* **Records shown**
# # #

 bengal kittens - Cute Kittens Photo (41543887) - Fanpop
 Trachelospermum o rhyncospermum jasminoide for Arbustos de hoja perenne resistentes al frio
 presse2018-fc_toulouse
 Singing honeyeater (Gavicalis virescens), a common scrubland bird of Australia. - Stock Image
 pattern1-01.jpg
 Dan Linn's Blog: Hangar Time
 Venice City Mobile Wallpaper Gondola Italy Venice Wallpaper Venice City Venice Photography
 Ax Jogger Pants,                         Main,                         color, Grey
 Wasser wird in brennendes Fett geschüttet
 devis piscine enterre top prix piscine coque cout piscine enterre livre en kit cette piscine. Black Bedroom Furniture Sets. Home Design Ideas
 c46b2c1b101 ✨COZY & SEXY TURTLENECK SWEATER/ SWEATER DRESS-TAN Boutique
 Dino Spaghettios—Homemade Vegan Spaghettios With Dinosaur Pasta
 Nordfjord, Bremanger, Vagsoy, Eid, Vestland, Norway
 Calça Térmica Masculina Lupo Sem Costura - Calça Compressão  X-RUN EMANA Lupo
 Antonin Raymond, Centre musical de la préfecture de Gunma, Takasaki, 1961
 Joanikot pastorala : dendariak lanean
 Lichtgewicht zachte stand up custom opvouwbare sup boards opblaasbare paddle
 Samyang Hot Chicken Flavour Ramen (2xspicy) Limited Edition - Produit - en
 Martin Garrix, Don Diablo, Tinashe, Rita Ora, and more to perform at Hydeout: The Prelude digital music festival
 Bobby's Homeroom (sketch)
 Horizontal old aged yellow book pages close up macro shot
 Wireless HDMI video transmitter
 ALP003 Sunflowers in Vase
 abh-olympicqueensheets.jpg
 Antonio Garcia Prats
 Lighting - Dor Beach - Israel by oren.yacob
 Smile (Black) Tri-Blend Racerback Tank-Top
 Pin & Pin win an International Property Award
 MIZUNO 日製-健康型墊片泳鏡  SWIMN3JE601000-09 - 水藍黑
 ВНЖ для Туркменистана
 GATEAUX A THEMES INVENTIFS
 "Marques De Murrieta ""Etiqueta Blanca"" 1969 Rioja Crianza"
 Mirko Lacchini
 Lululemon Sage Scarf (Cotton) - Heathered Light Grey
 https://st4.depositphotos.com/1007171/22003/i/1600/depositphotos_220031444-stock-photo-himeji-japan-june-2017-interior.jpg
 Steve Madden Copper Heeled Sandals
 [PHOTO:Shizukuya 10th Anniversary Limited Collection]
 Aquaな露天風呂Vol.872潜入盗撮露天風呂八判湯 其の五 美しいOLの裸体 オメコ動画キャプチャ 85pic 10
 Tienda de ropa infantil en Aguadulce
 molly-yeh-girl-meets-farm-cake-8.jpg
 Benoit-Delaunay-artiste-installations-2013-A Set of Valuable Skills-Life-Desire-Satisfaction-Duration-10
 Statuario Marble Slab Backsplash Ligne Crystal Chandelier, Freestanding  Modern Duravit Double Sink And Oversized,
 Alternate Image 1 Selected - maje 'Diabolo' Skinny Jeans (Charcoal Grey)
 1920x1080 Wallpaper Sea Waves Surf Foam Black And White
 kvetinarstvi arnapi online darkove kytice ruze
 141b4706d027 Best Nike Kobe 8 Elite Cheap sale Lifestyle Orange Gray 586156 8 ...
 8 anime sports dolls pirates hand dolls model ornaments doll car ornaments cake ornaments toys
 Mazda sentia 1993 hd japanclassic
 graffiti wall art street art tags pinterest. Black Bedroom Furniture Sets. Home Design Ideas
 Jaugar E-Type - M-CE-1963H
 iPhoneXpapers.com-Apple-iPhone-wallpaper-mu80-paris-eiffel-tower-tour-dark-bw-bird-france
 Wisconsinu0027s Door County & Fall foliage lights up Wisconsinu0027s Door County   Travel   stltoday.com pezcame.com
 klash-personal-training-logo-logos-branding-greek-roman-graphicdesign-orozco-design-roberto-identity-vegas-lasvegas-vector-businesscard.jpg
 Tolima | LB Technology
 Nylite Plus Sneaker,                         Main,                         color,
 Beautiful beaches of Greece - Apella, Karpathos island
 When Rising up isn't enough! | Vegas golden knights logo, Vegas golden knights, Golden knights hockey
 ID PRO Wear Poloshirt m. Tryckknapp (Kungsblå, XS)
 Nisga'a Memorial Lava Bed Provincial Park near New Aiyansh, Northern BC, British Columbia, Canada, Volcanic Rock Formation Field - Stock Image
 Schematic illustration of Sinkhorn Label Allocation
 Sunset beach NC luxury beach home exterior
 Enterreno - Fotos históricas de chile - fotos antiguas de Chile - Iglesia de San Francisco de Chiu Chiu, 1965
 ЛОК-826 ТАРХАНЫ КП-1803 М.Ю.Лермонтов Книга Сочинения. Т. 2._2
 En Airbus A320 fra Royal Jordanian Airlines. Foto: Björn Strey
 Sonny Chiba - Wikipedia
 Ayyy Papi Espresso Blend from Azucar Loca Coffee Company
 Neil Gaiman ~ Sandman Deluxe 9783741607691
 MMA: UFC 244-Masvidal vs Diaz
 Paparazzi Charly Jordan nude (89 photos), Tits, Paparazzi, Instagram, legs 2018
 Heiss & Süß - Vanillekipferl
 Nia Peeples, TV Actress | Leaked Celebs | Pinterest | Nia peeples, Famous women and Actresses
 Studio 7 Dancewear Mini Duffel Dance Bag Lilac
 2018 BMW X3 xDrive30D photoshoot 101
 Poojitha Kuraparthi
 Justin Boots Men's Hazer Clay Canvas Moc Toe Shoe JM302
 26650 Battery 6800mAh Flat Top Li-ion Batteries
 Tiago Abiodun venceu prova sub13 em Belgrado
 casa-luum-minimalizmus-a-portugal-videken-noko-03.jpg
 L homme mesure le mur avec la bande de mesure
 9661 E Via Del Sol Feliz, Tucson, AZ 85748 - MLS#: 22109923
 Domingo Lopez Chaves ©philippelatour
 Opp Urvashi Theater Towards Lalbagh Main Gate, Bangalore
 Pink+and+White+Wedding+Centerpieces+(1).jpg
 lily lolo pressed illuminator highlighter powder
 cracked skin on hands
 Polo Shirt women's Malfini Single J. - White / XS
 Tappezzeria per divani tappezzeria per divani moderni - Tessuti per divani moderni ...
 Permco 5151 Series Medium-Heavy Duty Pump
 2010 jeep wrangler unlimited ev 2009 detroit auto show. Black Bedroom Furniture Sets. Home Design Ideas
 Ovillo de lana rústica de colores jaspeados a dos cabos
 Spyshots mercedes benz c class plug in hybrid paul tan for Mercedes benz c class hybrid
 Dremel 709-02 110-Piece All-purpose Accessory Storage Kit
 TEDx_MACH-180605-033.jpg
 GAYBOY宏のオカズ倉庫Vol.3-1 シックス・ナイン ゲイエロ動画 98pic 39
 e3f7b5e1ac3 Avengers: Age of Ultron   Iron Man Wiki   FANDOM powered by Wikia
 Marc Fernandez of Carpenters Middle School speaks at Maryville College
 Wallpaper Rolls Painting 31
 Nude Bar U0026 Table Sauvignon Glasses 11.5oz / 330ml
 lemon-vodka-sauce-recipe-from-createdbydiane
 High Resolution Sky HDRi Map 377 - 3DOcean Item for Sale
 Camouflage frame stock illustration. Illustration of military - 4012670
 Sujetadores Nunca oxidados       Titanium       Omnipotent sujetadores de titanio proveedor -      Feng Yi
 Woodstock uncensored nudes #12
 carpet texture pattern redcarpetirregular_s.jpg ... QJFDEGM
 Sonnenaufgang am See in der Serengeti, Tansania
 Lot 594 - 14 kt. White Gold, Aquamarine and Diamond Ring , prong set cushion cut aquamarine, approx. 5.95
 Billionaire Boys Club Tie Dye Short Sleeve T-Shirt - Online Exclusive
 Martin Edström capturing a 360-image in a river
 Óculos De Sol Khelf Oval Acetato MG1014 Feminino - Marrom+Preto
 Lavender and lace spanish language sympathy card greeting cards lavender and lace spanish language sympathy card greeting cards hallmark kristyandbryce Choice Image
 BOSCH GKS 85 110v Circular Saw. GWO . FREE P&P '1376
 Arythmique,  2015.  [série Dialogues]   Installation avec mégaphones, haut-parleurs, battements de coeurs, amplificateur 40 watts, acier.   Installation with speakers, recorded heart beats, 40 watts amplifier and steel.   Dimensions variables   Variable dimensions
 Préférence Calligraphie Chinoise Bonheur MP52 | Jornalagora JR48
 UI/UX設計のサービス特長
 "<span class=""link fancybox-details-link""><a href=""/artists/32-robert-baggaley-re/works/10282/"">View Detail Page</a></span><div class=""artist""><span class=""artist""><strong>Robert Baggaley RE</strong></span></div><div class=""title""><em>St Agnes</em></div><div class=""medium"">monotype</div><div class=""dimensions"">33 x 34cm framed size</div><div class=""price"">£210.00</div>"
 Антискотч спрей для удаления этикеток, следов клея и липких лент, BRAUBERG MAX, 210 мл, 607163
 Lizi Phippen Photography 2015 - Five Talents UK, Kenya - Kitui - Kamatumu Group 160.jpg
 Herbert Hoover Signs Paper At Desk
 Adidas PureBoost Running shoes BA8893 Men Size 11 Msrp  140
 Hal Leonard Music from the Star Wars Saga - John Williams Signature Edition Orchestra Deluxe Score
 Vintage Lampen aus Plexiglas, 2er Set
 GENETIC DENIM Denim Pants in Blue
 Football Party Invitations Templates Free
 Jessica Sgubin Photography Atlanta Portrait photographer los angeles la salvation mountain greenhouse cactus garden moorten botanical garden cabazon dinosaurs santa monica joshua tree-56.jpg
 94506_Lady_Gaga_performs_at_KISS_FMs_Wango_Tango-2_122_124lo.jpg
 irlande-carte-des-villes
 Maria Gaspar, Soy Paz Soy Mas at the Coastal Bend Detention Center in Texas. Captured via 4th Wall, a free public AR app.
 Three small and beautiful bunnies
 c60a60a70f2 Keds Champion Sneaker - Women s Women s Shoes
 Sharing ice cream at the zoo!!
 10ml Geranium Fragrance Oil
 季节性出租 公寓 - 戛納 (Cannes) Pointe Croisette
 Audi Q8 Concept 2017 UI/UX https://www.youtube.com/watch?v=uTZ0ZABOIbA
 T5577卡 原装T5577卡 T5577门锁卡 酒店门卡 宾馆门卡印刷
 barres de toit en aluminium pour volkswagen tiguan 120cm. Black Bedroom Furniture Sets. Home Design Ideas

# # #

* **Aim of the exercise**
Please transcribe exactly the lines above from the line that has "High Resolution Sky" up to and including the line that has "kristyandbryce Choice Image"; no other line belongs in the answer.

* **Result**
 High Resolution Sky HDRi Map 377 - 3DOcean Item for Sale
 Camouflage frame stock illustration. Illustration of military - 4012670
 Sujetadores Nunca oxidados       Titanium       Omnipotent sujetadores de titanio proveedor -      Feng Yi
 Woodstock uncensored nudes #12
 carpet texture pattern redcarpetirregular_s.jpg ... QJFDEGM
 Sonnenaufgang am See in der Serengeti, Tansania
 Lot 594 - 14 kt. White Gold, Aquamarine and Diamond Ring , prong set cushion cut aquamarine, approx. 5.95
 Billionaire Boys Club Tie Dye Short Sleeve T-Shirt - Online Exclusive
 Martin Edström capturing a 360-image in a river
 Óculos De Sol Khelf Oval Acetato MG1014 Feminino - Marrom+Preto
 Lavender and lace spanish language sympathy card greeting cards lavender and lace spanish language sympathy card greeting cards hallmark kristyandbryce Choice Image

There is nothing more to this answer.